April: Work on your money management

  • Start or fully fund your emergency account. Aim to save $1,000, then build your account to cover three to six months of expenses. Use your tax refund to replenish your account. 
  • Automate deposits. Set up recurring contributions to your savings account or investment account.

May: Improve your financial standing 

  • Check your credit report. Request this free summary of your credit history from a credit bureau, such as Experian or Equifax, and check for errors.
  • Review your debt. Consider following the debt snowball method from SmartDollar.

June: Do a mid-year checkup

  • Check your budget. Are you sticking to it? If priorities have shifted, adjust accordingly. 
  • Review your investments. The mix of stocks and bonds in your investment funds should match your tolerance for risk and length from retirement.

July: Invest in yourself

  • Practice mindful spending. Waiting a pre-set period (such as 30 days) before you buy will help make sure you really want a particular bigticket item. 
  • Educate yourself. Find a podcast, book or blog to learn more about financial topics that interest you.

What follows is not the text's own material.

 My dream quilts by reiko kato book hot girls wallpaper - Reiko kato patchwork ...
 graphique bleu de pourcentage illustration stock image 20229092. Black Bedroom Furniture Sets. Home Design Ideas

August: Focus on your or your children’s future 

  • Identify and save for your goal. Are you planning to buy a home, travel, or retire at 55? Set money aside each month (automatically through your bank, if possible) to fund your goal. 
  • Open a 529 account. These investment accounts can help you save for your child’s college, graduate school or vocational training.

September: Stay safe online

  • Protect your passwords. The strongest passwords include upper- and lowercase letters, numbers and symbols, and made-up words that don’t appear in the dictionary. 
  • Watch for fraudsters. Don’t open or reply to unsolicited emails asking for financial information, and if the URL looks strange in any way, don’t respond.

October: Give back

  • Donate. Costco’s Workplace Giving Campaign starts this month. Every contribution you make supports the local community and is matched by Costco at 60%. Watch for the notification email. 
  • Volunteer. Donating your time and energy is just as valuable as giving money. Look to your local food banks, schools, nursing homes, and other community resources for opportunities to volunteer.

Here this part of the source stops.